I'm familiar with how to drop duplicate rows, and then using the parameter of first
, last
, none
. Nothing too complicated with that and there's plenty of examples (ie here).
However, what I'm looking for is there a way to find the duplicates, but instead of dropping all duplicates and keeping the first, if I have duplicates, keep all duplicates but drop the first:
So instead of "drop if duplicates, keep the first", I want "keep if duplicates, drop first"
Example:
Given this dataframe, and looking at duplicates in cost
column:
ID name type cost
0 0 a bb 1
1 1 a cc 2 <--- there are duplicates, so drop this row
2 1_0 a dd 2
3 2 a ee 3 <--- there are duplicates, so drop this row
4 2_0 a ff 3
5 2_1 a gg 3
6 2_2 a hh 3
If there are duplicates in the cost
column, just drop the first occurrence, but keep the rest.
So my output would be:
ID name type cost
0 0 a bb 1
2 1_0 a dd 2
4 2_0 a ff 3
5 2_1 a gg 3
6 2_2 a hh 3
Heres the sample dataframe:
import pandas as pd
df = pd.DataFrame([
['0', 'a', 'bb', '1'],
['1', 'a', 'cc', '2'],
['1_0', 'a', 'dd', '2'],
['2', 'a', 'ee', '3'],
['2_0', 'a', 'ff', '3'],
['2_1', 'a', 'gg', '3'],
['2_2', 'a', 'hh', '3']], columns = ['ID', 'name', 'type', 'cost'])

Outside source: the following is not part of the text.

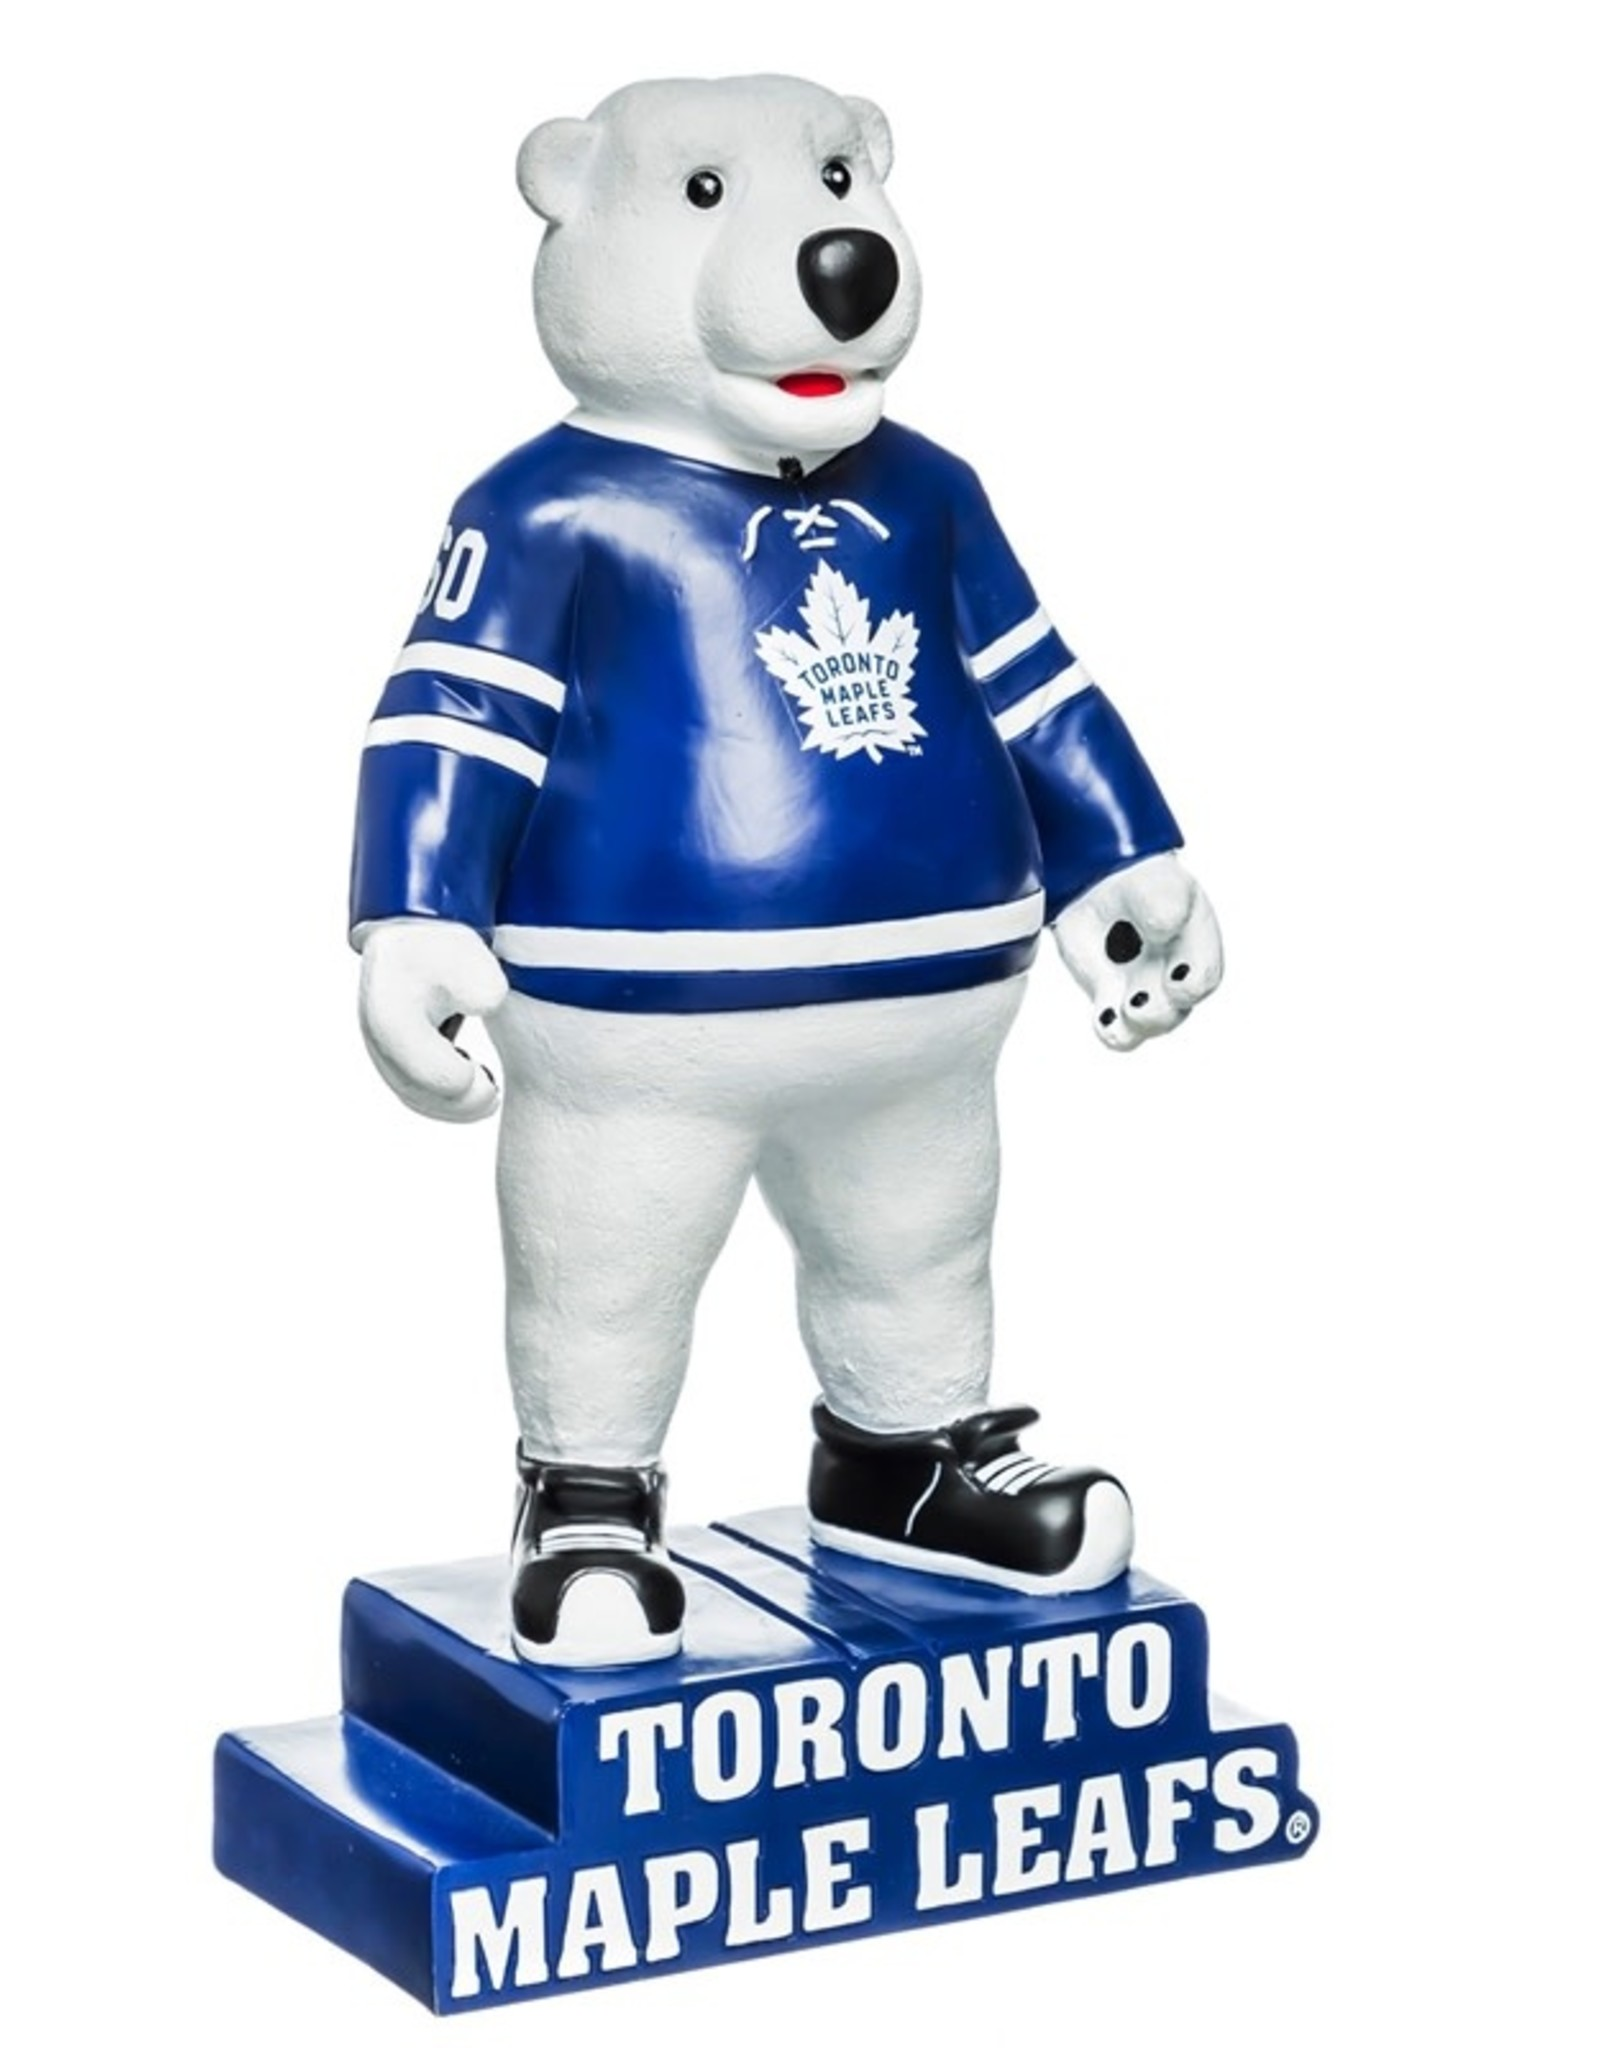 Team Sports Ameica NHL Team Mascot Statue Maple Leafs

You can chain 2 masks created by DataFrame.duplicated
with bitwise OR
and filter by boolean indexing
:
df = df[df.duplicated('cost') | ~df.duplicated('cost', keep=False)]
print (df)
ID name type cost
0 0 a bb 1
2 1_0 a dd 2
4 2_0 a ff 3
5 2_1 a gg 3
6 2_2 a hh 3
Detail:
print (df.assign(mask1=df.duplicated('cost'), mask2=~df.duplicated('cost', keep=False)))
ID name type cost mask1 mask2
0 0 a bb 1 False True
1 1 a cc 2 False False
2 1_0 a dd 2 True False
3 2 a ee 3 False False
4 2_0 a ff 3 True False
5 2_1 a gg 3 True False
6 2_2 a hh 3 True False